I am excited to be writing about this make because it's such a fun and useful way to use English paper piecing shapes/blocks. I've made a new project bag and decorated it with epp. There are so many tips and tricks I can share with you; epp curves, light fabrics on dark backgrounds, neat applique top stitching and the awkwardness of metal bits on zips - oh I'm covering it all today!

This month's Aurifil Artisan challenge is in collaboration with Paper Pieces. I had thought about doing clamshells but I wanted to create something a bit different and, having used these papers before, I knew this was what was needed. Paper Pieces produce accurately cut papers and that is crucial for the precise curves and points of these shapes.

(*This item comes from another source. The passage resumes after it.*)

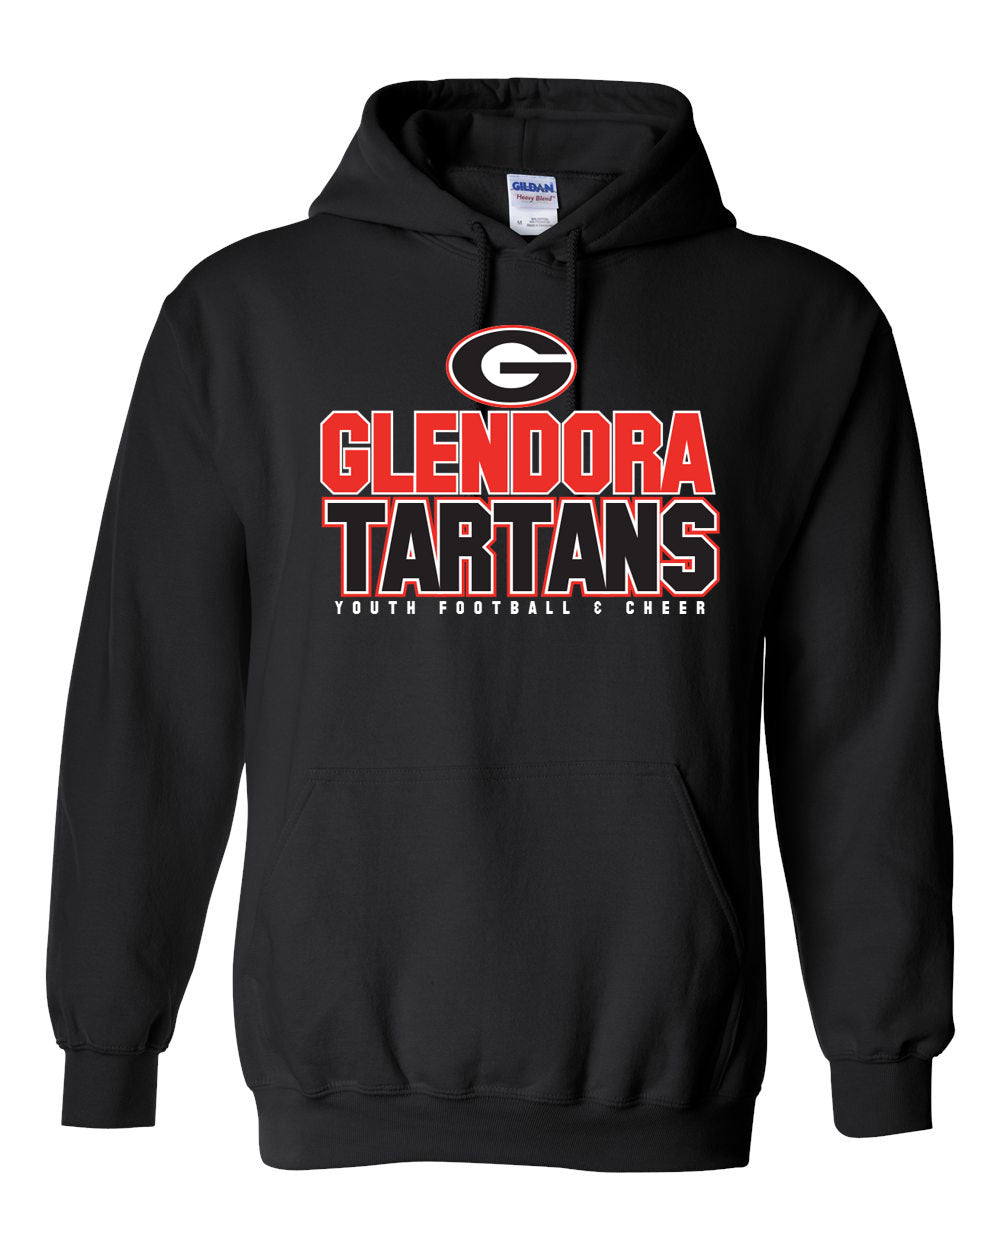 Glendora Tartans - Black hoodie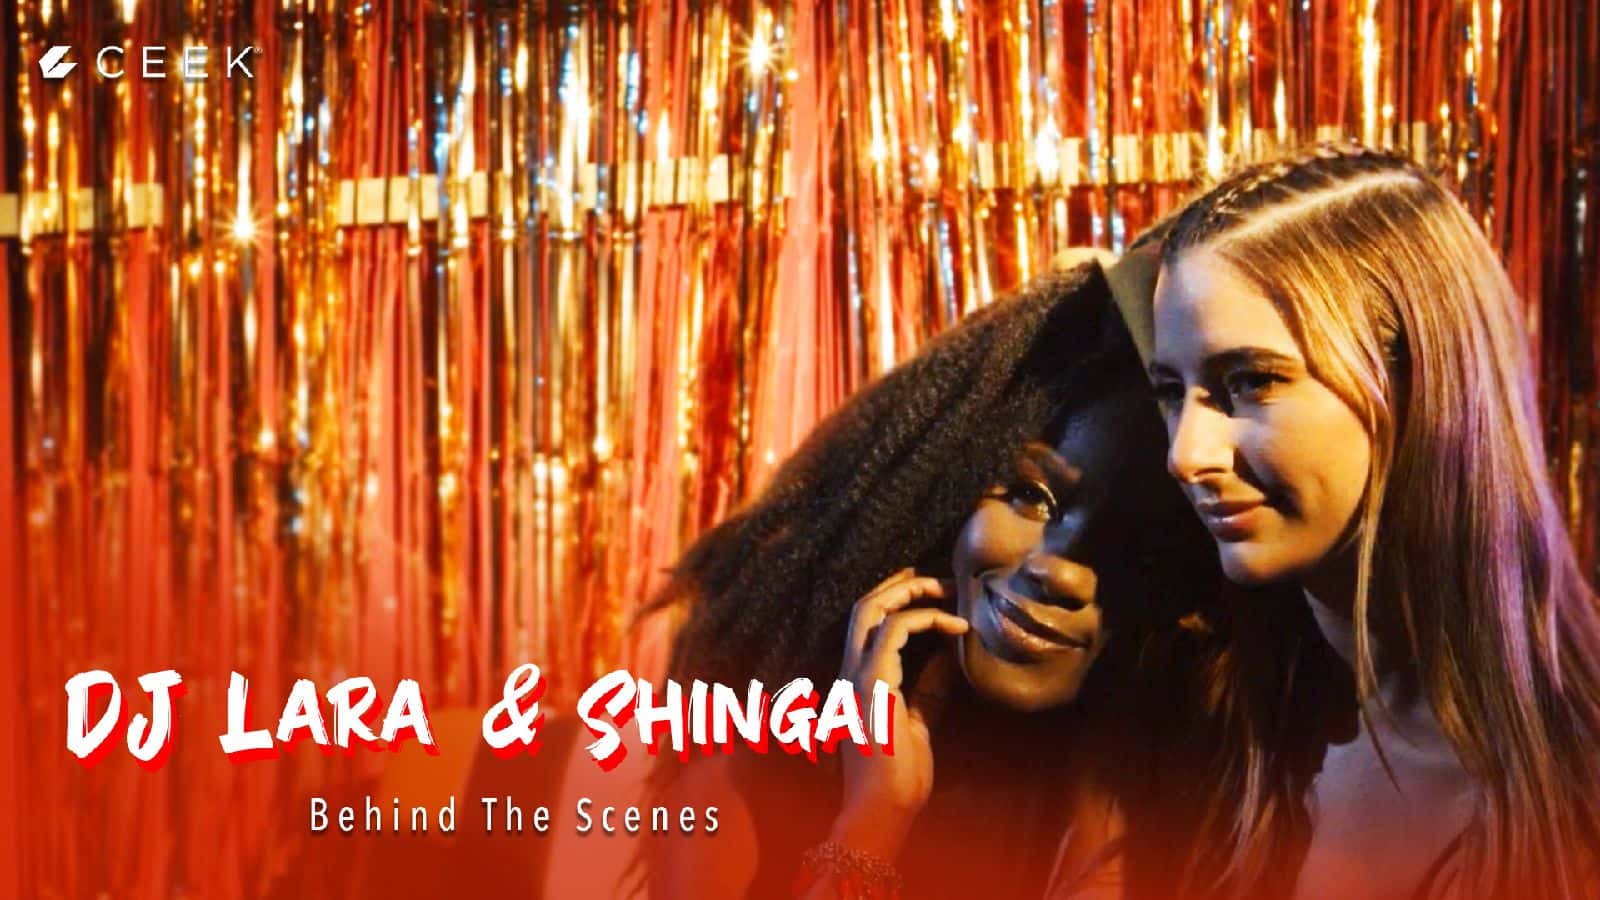 Behind The Scenes - Shingai X DJ Lara - In this world

Paper Pieces packets of paper shapes, Clampoints and clamleaves

My project used 3" Clam Points and 2 1/8" Clam Leaf pieces.

EPP curves

I take different approaches when it comes to basting curved shapes. Usually I will thread baste convex shapes like the leaves, it really does work better and holds the fabric so well. In this case I went for the time saving option of glue basting, it turned out fine but I don't think you get quite the same crispness of the edges and that can affect the points. In some cases the leaves slipped slightly and I had to unpick some stitches because the fabric wasn't taught around the leaf. So it really isn't that time saving! It will depend on how much you handle a piece, how much glue you use (I don't like using a lot) and how well you baste as to whether you get movement or papers popping out. Of course it is personal preference but I do think I will stick to thread basting these types of shapes in the future.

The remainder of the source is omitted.